Codify Commercial Diplomacy Policy for Both Public and Private Sector – To fully realize Fitrell’s outlined shift toward commercial diplomacy in Africa, where U.S. ambassadors champion American businesses, a comprehensive policy document is essential. This document should clearly delineate the roles of the U.S. government and private sector. Furthermore, enhanced communication regarding the implementation strategies of entities such as the Commerce Department and the DFC would significantly contribute to a robust engagement model for the African continent. 

Open Doors to U.S. Technology Access – In April, the Trump administration reversed the Biden administration’s AI Diffusion Rule, which had placed limits on exports of advanced AI chips depending on the destination nation’s friendliness and risk level toward the United States. While it plans to replace the policy with a new diffusion guideline, it’s important that the United States not close its doors for African states and companies to access key technologies necessary for AI development. 

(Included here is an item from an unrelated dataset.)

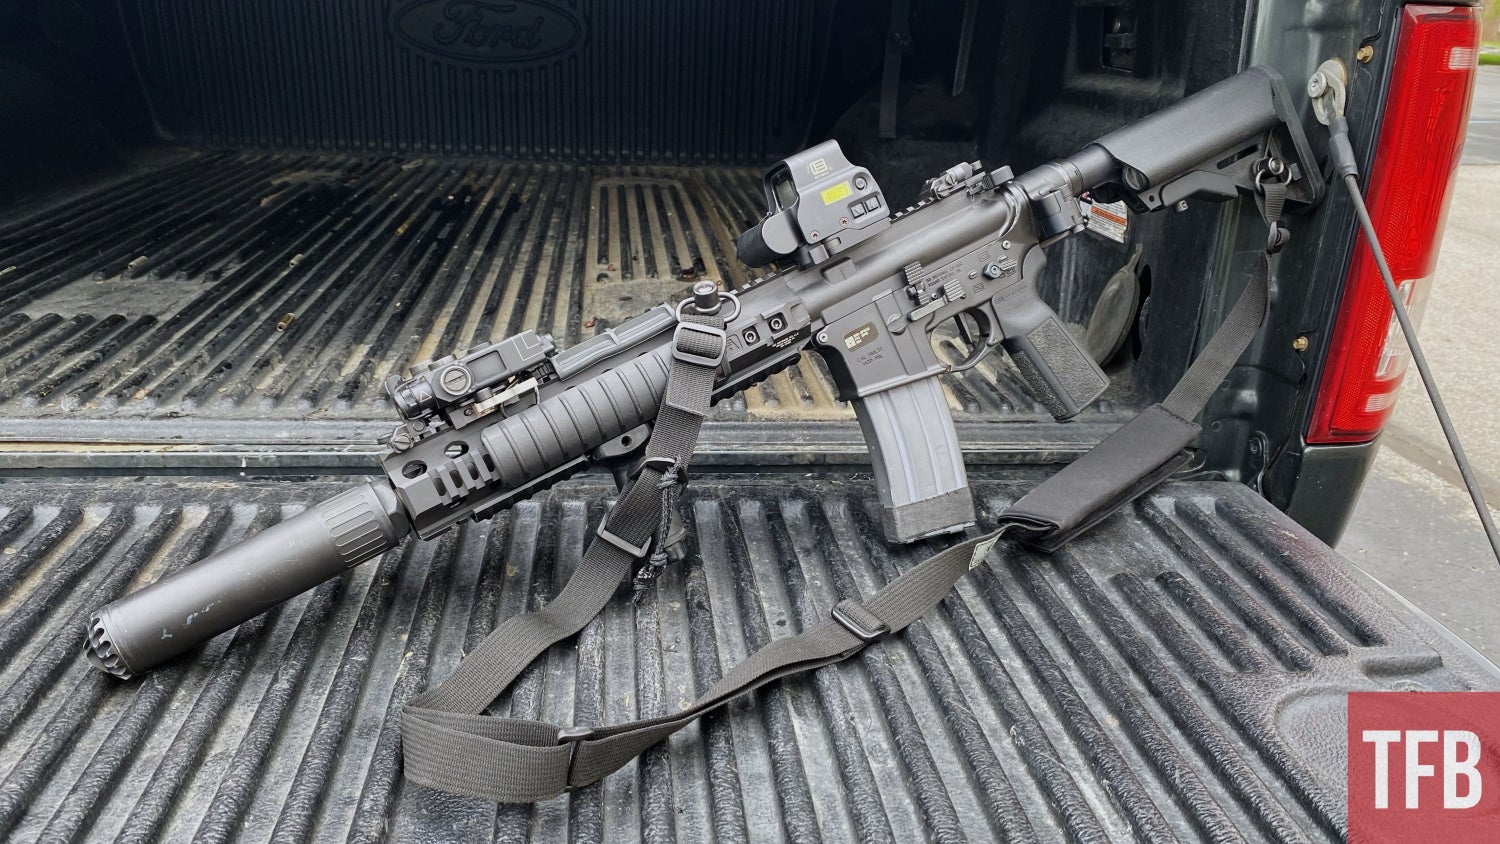 SBRs vs Bullpup Rifles - What's Best For You?
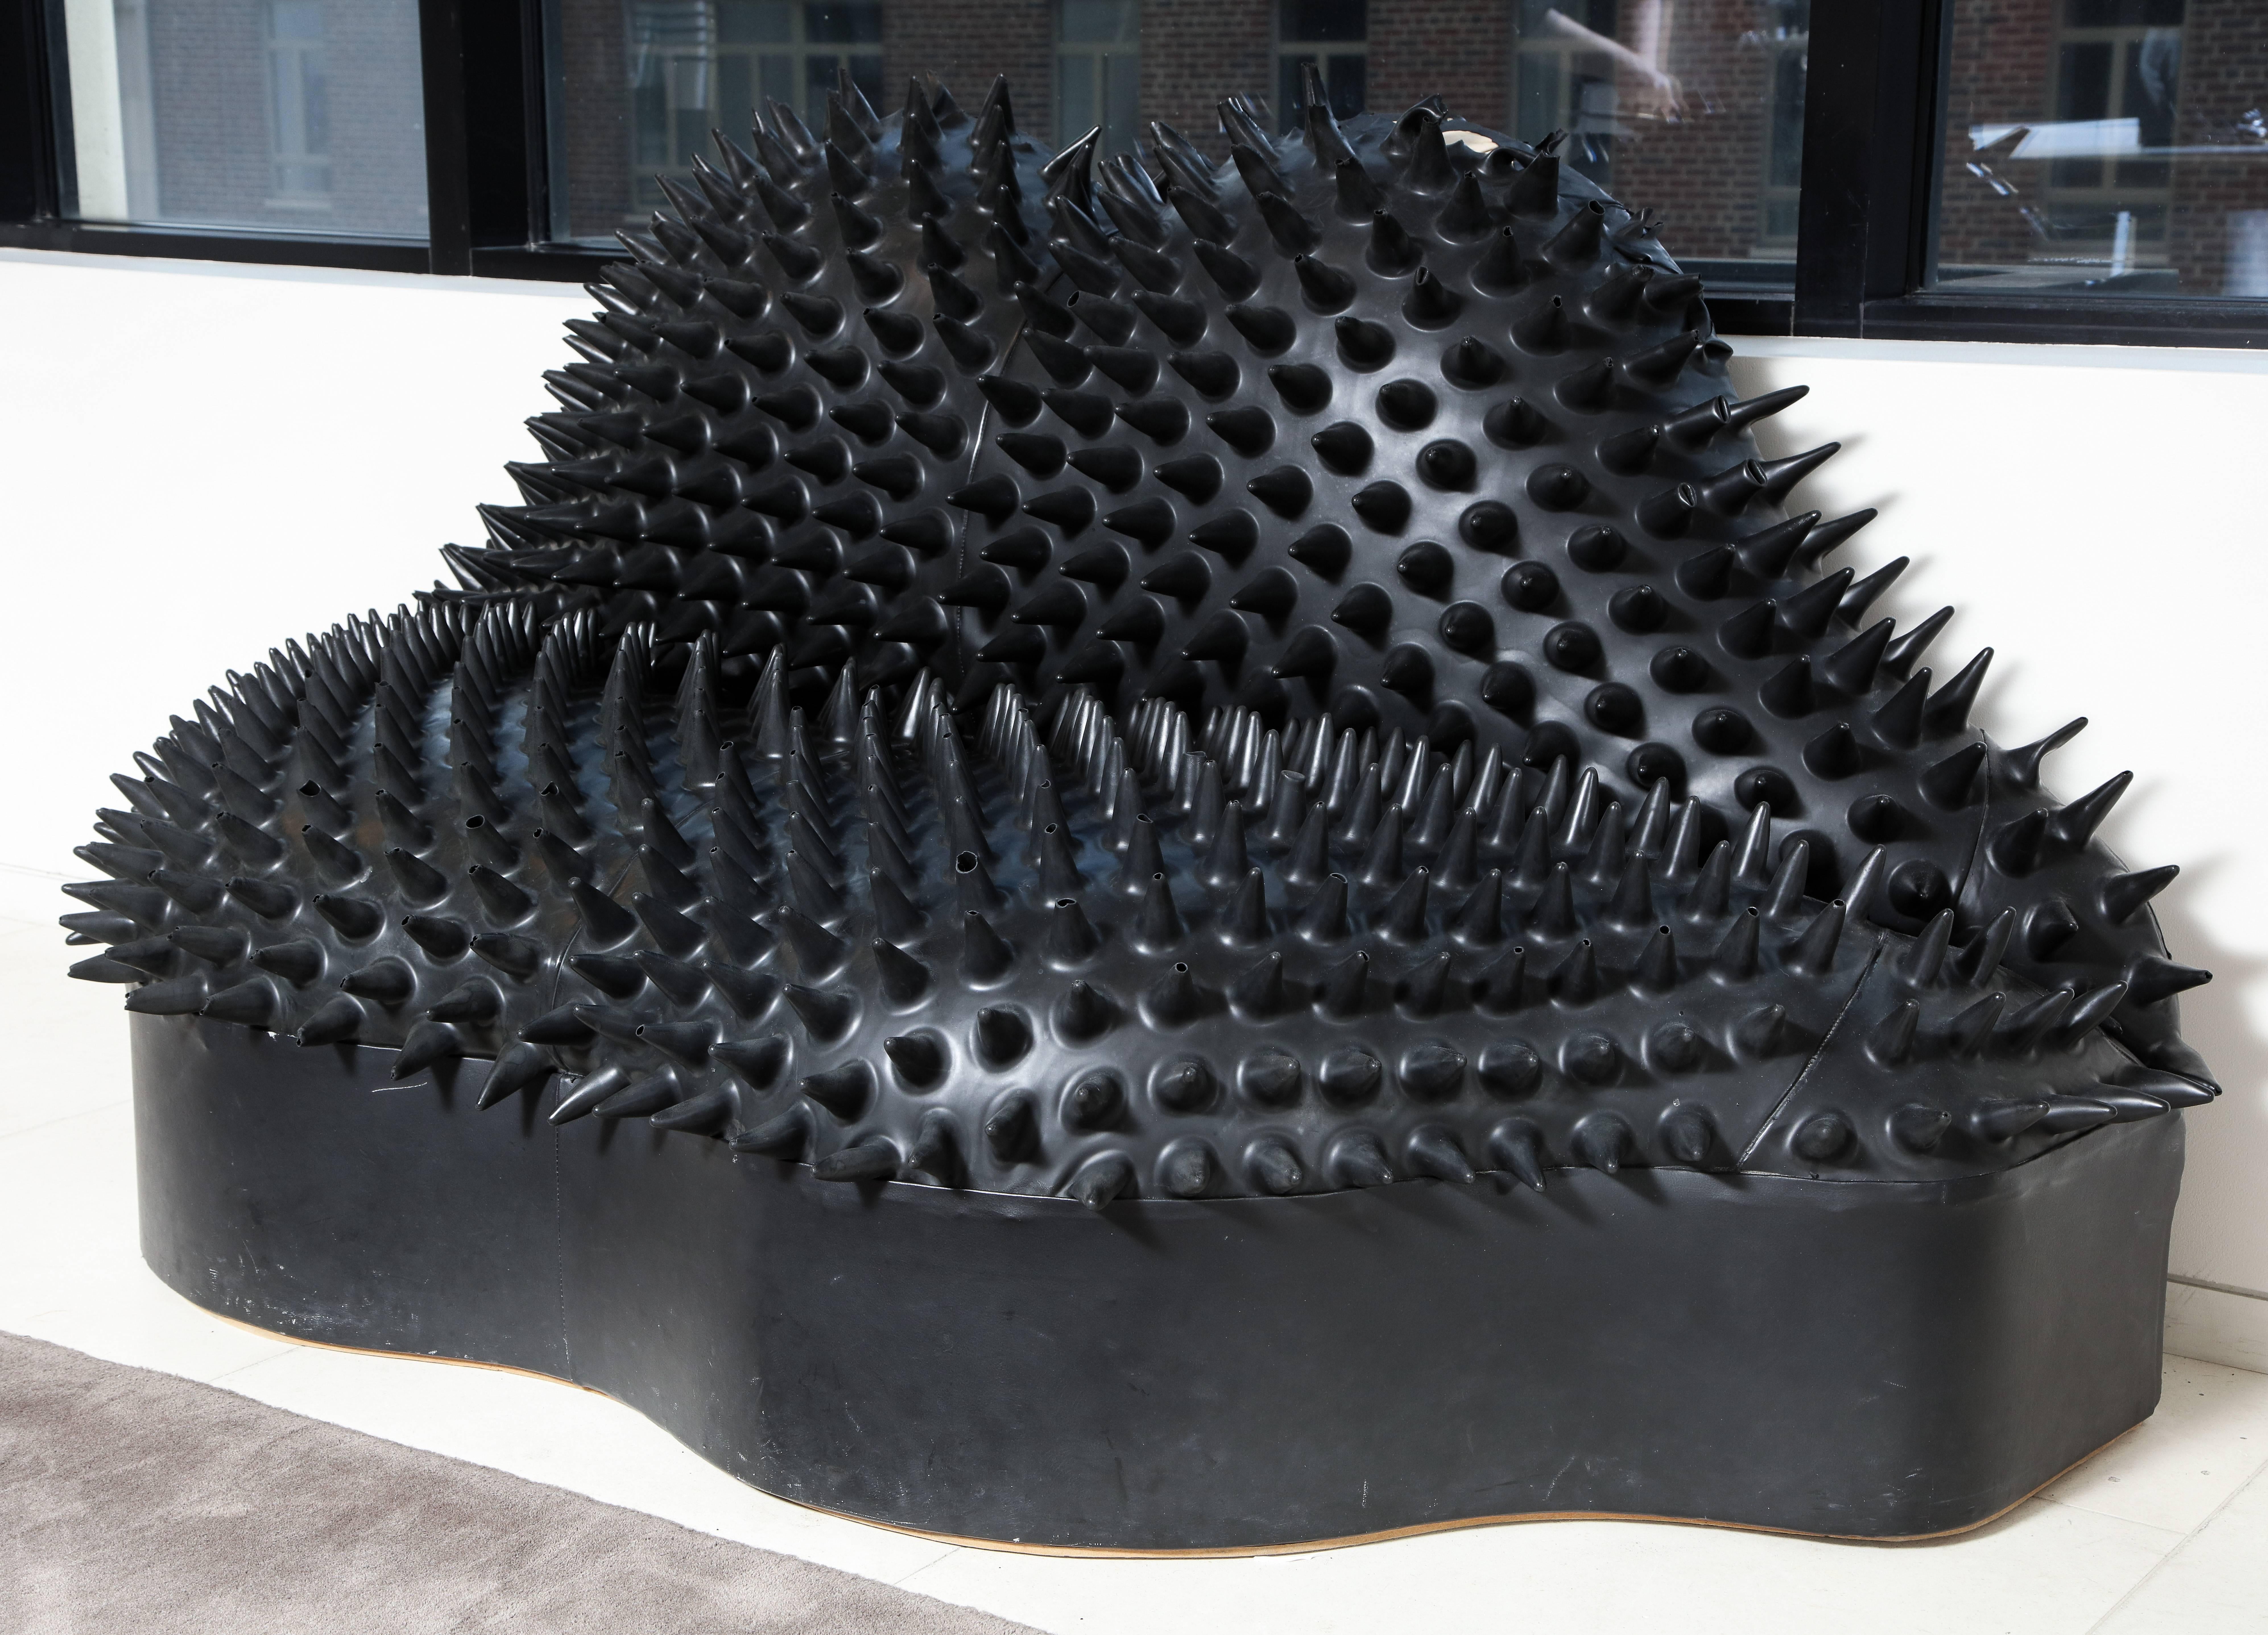 Designed by artistic director Craig Morrison for MTV Europe in 1990, only a few were made in black, red and grey. This lips shaped sofa is covered in soft spikey latex, a signature material of Morrison, with a flat nylon-upholstered back. From the

Mobilize Private Capital Through Alliance Networks – U.S. investment in Cassava was significantly bolstered by joint efforts with Google and Finnfund, a Finnish development financier with business experience in Africa. Such strategic partnerships with companies in friendly countries, fostering development and technology diffusion, will enable the United States to enhance its investment impact across the continent. These collaborative efforts are most effectively scaled when investments remain commercially driven and focused on generating successful returns for financial backers. 

The views expressed in this article are those of the author and not an official policy or position of New Lines Institute.